* _What the task requires_:
For this listing, the lines between the one holding "Cuadros abstractos abstractos" and the one holding "0cb43127fddd0 Gucci Urban", inclusive, must be set down exactly.

* _Given records_:

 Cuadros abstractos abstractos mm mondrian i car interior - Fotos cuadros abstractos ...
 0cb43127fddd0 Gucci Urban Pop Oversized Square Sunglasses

--

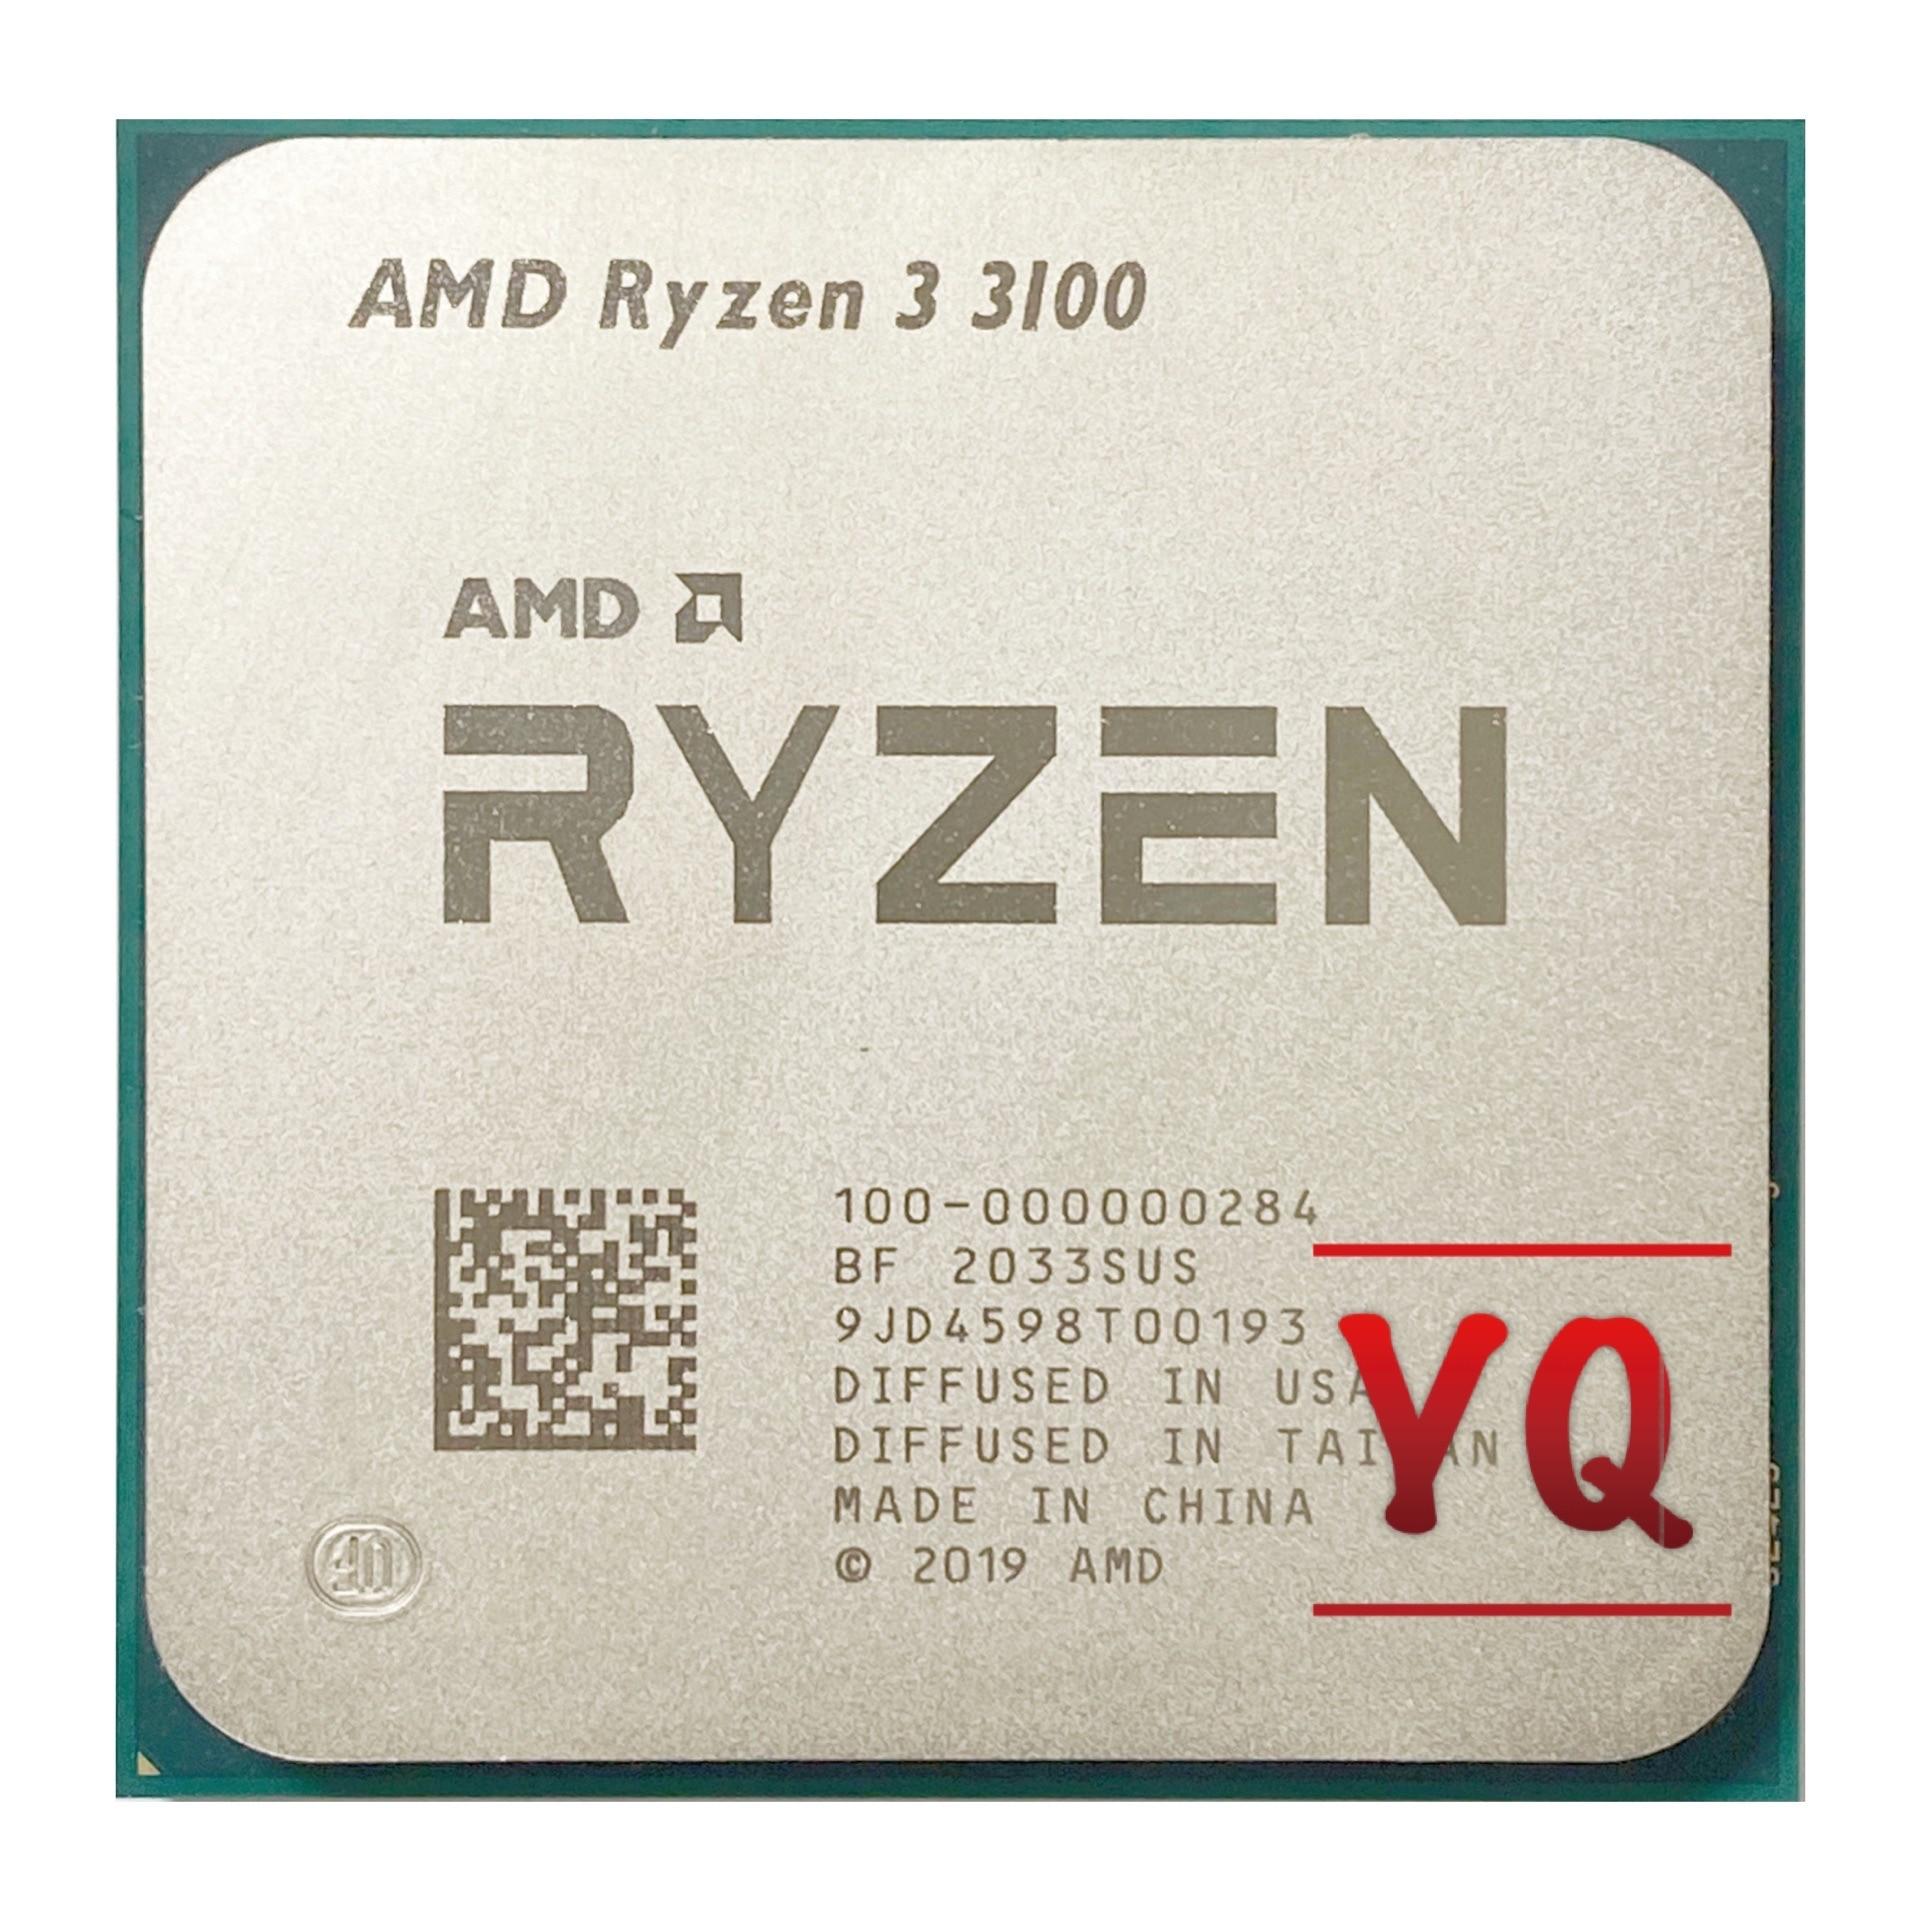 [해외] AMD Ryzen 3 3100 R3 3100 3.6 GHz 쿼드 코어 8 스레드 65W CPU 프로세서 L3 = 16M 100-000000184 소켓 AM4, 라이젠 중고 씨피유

---

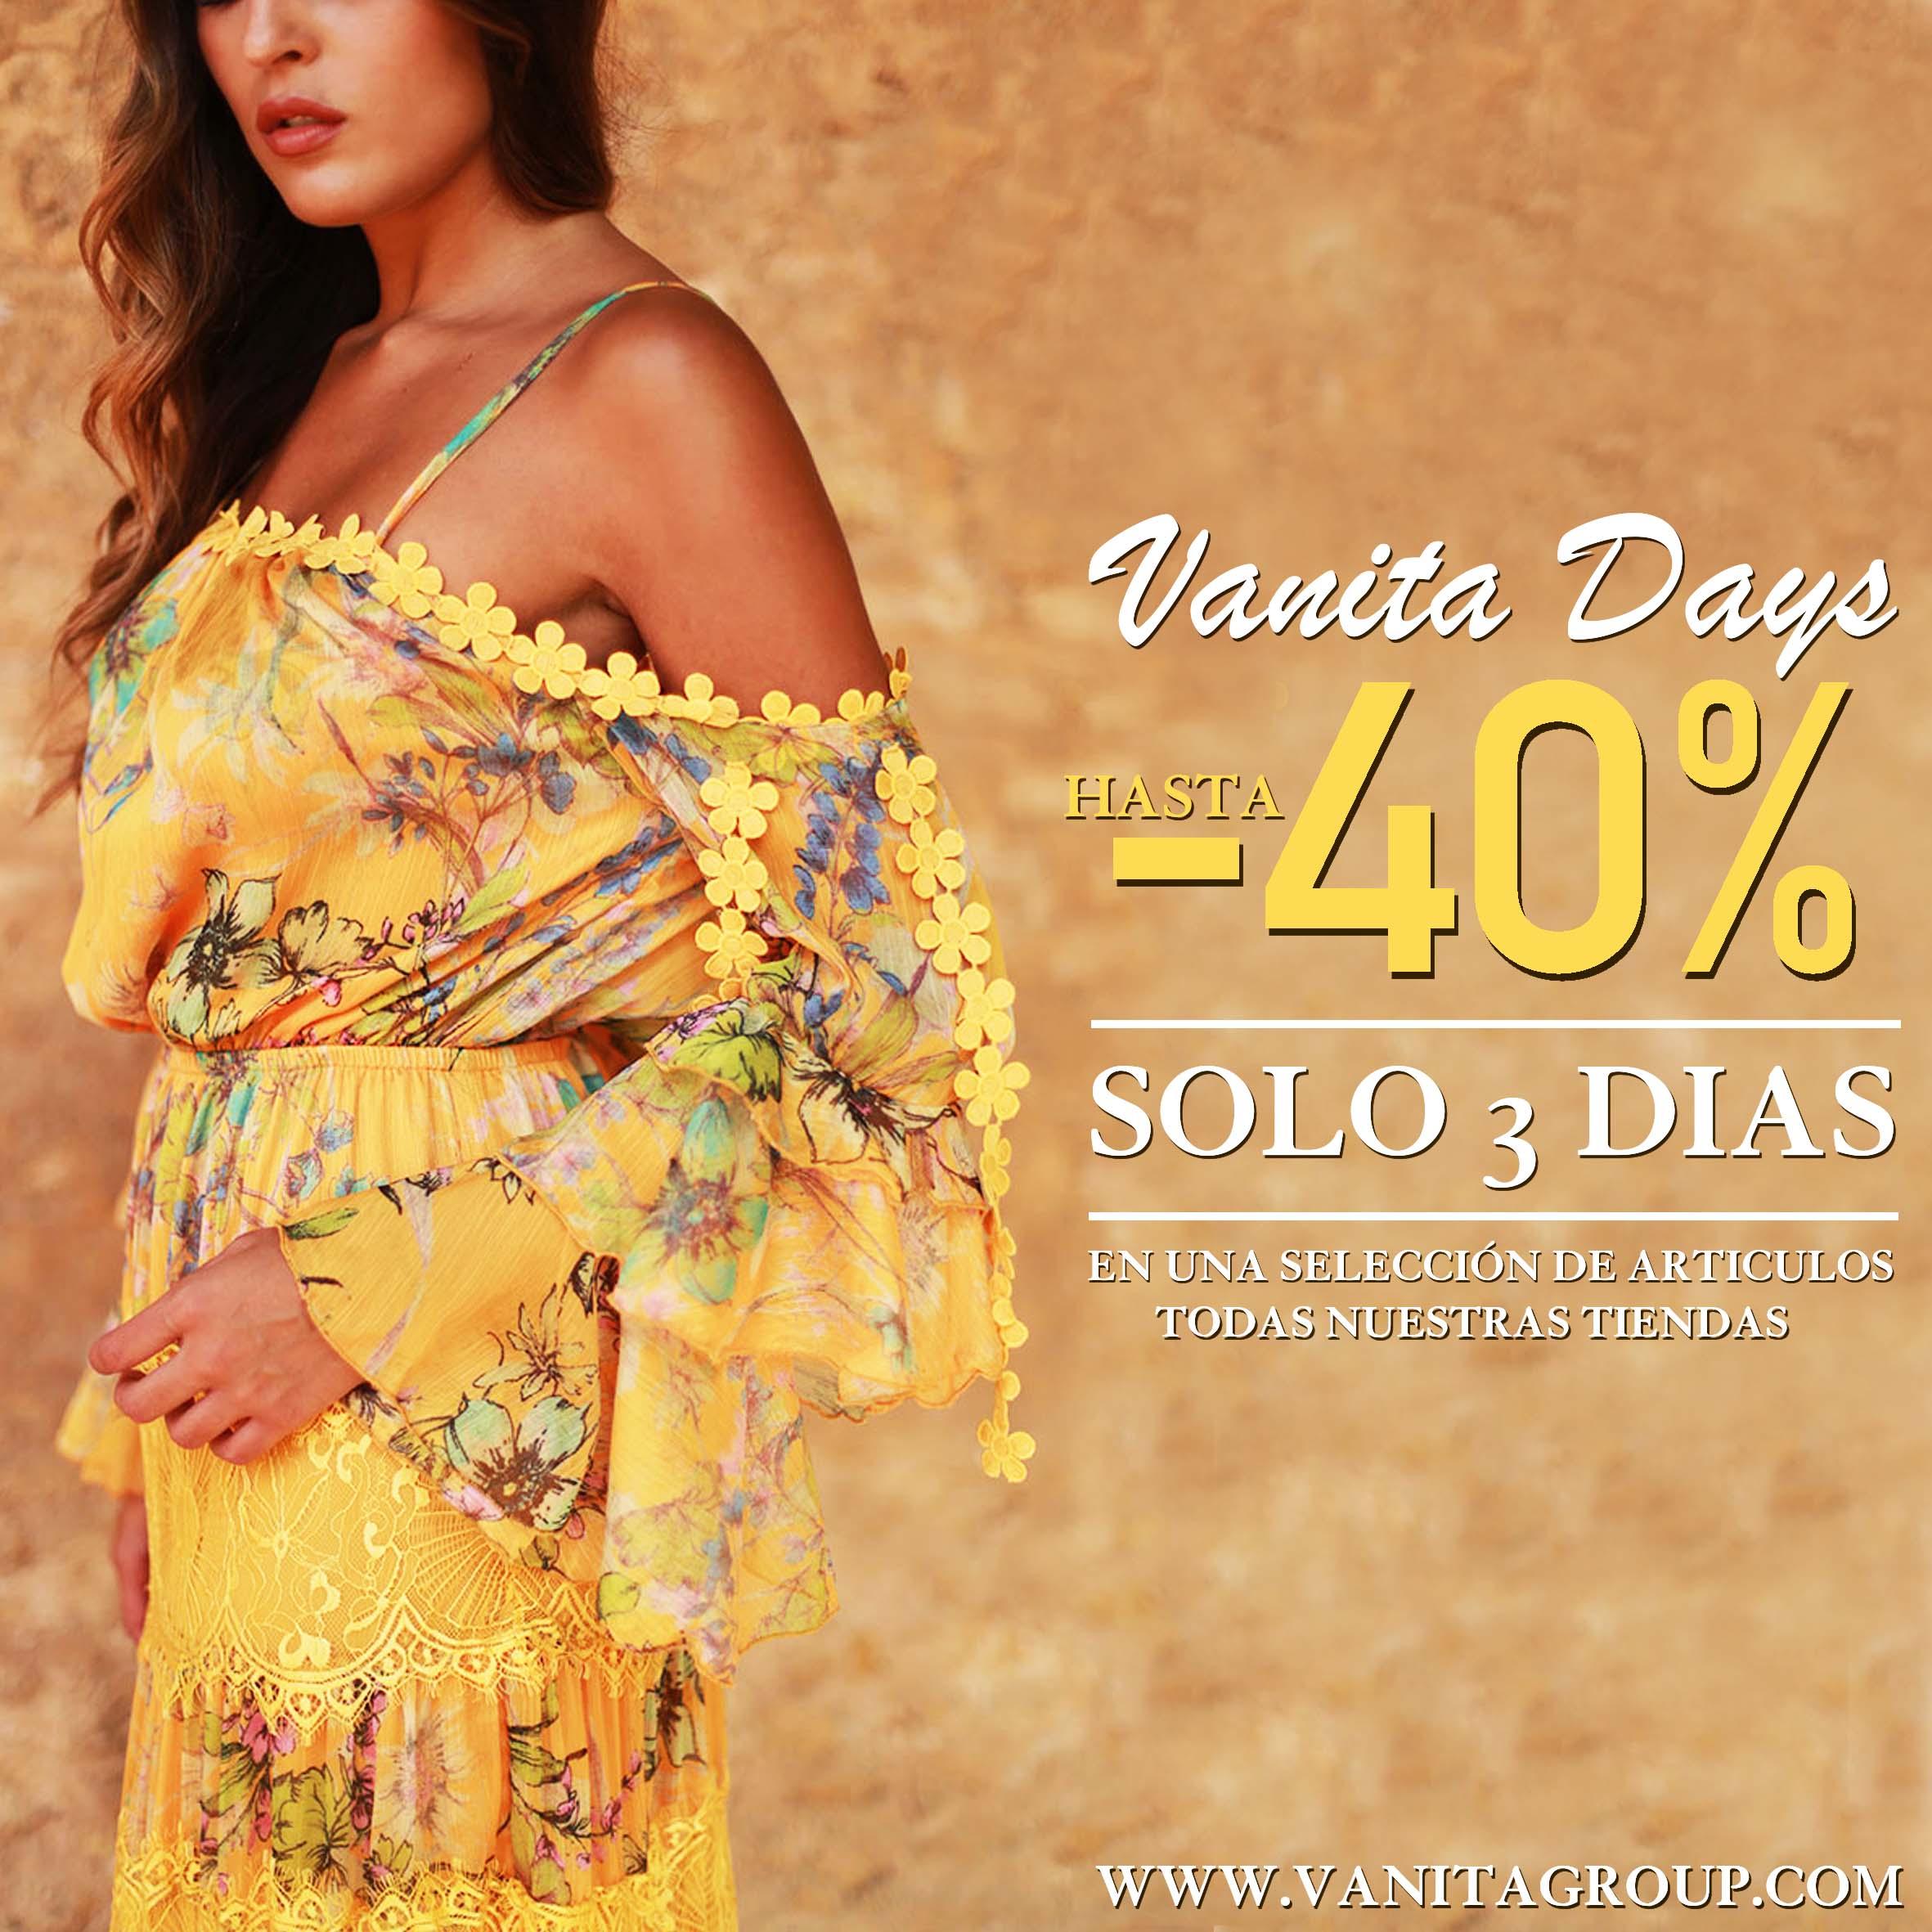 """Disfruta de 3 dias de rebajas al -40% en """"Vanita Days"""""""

* _Exercise result_:
 Cuadros abstractos abstractos mm mondrian i car interior - Fotos cuadros abstractos ...
 0cb43127fddd0 Gucci Urban Pop Oversized Square Sunglasses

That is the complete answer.